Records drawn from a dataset
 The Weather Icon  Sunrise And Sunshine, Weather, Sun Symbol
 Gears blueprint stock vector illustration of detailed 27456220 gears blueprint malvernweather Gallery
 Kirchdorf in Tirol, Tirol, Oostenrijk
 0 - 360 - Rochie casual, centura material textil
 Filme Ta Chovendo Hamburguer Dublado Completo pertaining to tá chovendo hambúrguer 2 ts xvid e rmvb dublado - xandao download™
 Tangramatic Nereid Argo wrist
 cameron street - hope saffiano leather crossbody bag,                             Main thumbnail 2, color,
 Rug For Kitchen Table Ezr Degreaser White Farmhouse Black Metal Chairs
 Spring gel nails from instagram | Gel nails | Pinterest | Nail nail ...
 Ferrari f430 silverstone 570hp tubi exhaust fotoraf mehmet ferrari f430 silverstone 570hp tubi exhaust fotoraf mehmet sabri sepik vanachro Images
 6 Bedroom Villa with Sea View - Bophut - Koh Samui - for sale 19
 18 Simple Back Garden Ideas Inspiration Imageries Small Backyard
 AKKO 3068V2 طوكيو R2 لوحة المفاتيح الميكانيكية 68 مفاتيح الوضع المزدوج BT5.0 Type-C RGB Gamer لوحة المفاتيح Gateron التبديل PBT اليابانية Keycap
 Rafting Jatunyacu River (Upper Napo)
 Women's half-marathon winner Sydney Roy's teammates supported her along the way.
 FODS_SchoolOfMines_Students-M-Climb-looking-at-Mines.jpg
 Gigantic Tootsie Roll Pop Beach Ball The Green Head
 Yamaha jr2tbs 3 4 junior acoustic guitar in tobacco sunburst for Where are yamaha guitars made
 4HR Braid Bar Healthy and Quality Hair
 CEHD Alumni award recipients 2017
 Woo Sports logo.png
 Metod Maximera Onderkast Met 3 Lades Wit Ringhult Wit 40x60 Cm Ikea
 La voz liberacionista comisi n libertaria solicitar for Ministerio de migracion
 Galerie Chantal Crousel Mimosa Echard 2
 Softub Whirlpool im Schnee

▶ [PROBLEM]
Look above for the line containing "Gigantic Tootsie Roll", then please write out that line and each one after it through the end, exactly, with nothing else.

▶ [RESULT OF THE TASK]
 Gigantic Tootsie Roll Pop Beach Ball The Green Head
 Yamaha jr2tbs 3 4 junior acoustic guitar in tobacco sunburst for Where are yamaha guitars made
 4HR Braid Bar Healthy and Quality Hair
 CEHD Alumni award recipients 2017
 Woo Sports logo.png
 Metod Maximera Onderkast Met 3 Lades Wit Ringhult Wit 40x60 Cm Ikea
 La voz liberacionista comisi n libertaria solicitar for Ministerio de migracion
 Galerie Chantal Crousel Mimosa Echard 2
 Softub Whirlpool im Schnee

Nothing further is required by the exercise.